> _Action item_
Exactly the lines from the one containing "Présentation des -18" through the final line of the data are to be written out again, with nothing added.

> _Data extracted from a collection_
○ ○ ○
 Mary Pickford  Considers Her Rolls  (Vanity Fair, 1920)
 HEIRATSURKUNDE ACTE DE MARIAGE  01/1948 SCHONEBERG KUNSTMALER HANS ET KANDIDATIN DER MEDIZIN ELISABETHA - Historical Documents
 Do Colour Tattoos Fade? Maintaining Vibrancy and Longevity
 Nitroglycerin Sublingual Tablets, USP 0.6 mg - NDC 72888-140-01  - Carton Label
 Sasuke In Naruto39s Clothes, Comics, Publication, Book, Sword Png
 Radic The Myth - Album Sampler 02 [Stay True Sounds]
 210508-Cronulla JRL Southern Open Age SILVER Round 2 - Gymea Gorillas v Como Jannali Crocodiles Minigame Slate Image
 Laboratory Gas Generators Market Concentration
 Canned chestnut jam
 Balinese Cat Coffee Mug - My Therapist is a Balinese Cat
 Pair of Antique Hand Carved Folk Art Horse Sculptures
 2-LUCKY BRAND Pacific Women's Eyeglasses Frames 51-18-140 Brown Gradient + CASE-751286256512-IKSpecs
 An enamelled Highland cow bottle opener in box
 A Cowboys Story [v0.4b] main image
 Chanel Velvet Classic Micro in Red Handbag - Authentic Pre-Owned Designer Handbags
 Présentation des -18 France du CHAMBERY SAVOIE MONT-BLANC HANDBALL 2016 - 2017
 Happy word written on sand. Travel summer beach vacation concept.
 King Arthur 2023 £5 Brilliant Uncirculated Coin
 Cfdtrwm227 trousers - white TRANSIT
○ ○ ○
> _Finished exercise_
 Présentation des -18 France du CHAMBERY SAVOIE MONT-BLANC HANDBALL 2016 - 2017
 Happy word written on sand. Travel summer beach vacation concept.
 King Arthur 2023 £5 Brilliant Uncirculated Coin
 Cfdtrwm227 trousers - white TRANSIT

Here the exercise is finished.